New VICE bureau in Miami caters to US Hispanic audience

Jessica Weiss | December 02, 2015

The global media brand VICE continues to grow, with a new bureau in Miami that will serve the growing Hispanic market in the United States and beyond. In addition to helping create new content, Miami will serve as a conduit for news already coming north out of VICE’s offices in Brazil, Colombia and Mexico.

Dan Perry, VICE’s managing director of pan-regional Latin America, has coordinated the setup and recent launch of the new bureau, which is currently filling positions. He says Miami, with its strategic location, is a perfect link for information traveling between Latin America and the U.S.

“This isn’t about saying ‘here’s content in Spanish,’ because that’s missing the point,” Perry told IJNet from VICE’s office in Miami. “This is about creating nuanced cultural stories for a certain audience.”

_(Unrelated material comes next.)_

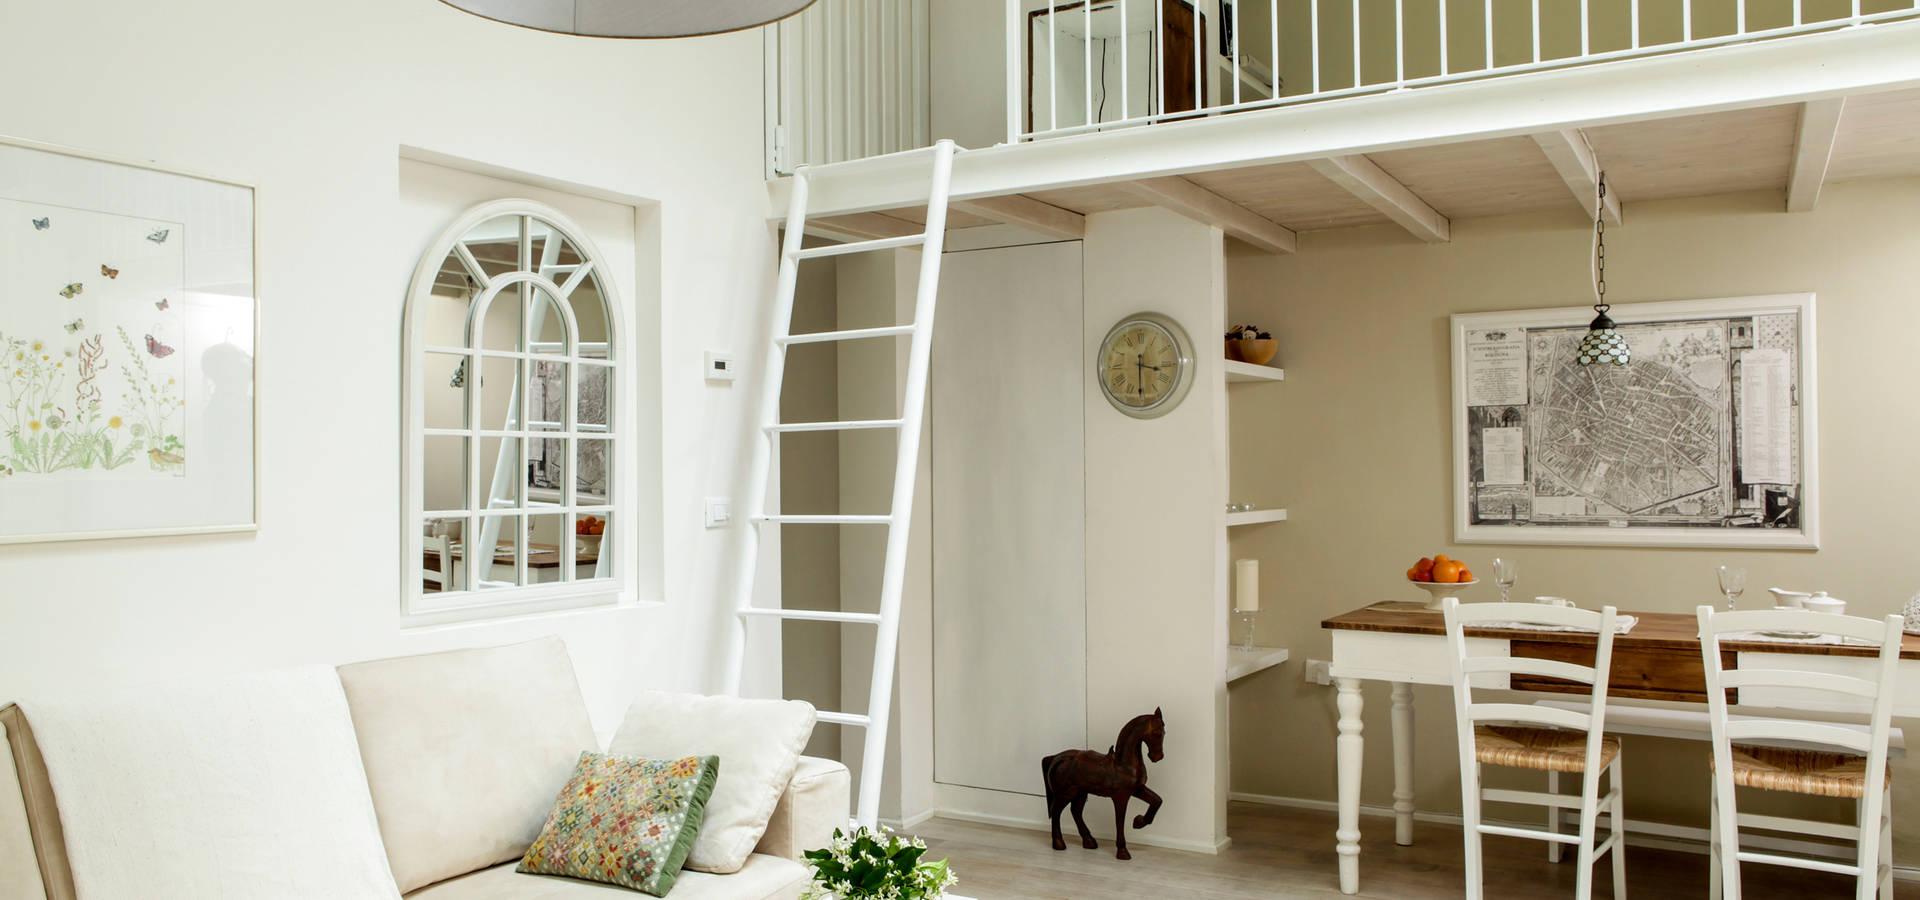 Little Cottage - casa di charme per vacanze e soggiorni brevi a ...

The youth-focused VICE brand was started in Montreal in 1994 as a punk magazine. In 1999, it moved its headquarters to New York City and expanded internationally. VICE, now based in Brooklyn, has over 30 offices around the world, providing news and content related to music, fashion, travel, food, tech and sports to a diverse audience.

According to the most recent U.S. Census data from 2013, some 17 percent of the U.S. population is now Hispanic (meaning of Latin American origin). So VICE, naturally, wants to give that part of its young audience better and more relevant information. And in doing so, it’s also improving the way VICE is reflecting youth culture as a whole, Perry says.

“VICE has grown up into a media company of this generation, so we’re now reflecting that generation in our content,” he says. “Latin America has a lot of stories and we need to be producing more of them. And now we’ll have the talent here and throughout the region to do it.”

Perry says he’s been looking at Miami as a potential new home for VICE for about three years. The tropical U.S. city is inextricably linked to goings-on in Central and South America; boom and bust cycles across the region affect Miami’s tourism dollars, foreign investment and population numbers. Plus, companies including Facebook, Twitter and Viacom have set up shop in Miami in recent years.

And yet, there’s still not a substantial digital media space in Miami. The Miami bureau really represents “a huge digital opportunity,” he says.  

The new VICE offices are located in Miami’s hip, artsy Wynwood neighborhood. The open space is filled with large work tables, a lofted meeting room, leather couches and more.

Out of the bureau, VICE will continue working with its diverse pool of clients, including many of the world’s Fortune 500 companies, providing creative solutions, branded content, research, events and more.  

Though the Miami office is still mostly unstaffed, Perry hopes to have production teams set up by January or February. For its written content, the office will rely mainly on freelancers from across the region.

Most importantly, Perry says setting up a successful bureau in a new place -- especially a wide open market like Miami -- really hinges on getting involved in the fabric of the city and investing in its future. For instance, despite being a global bureau, VICE Miami plans to hire a large portion of its 50 new employees from people already living and working in the city.

“You have to be there for everything happening -- and want to make something of the city,” he says. “You have to go out a lot, go to a lot of events. Build yourself into the city and become part of it.”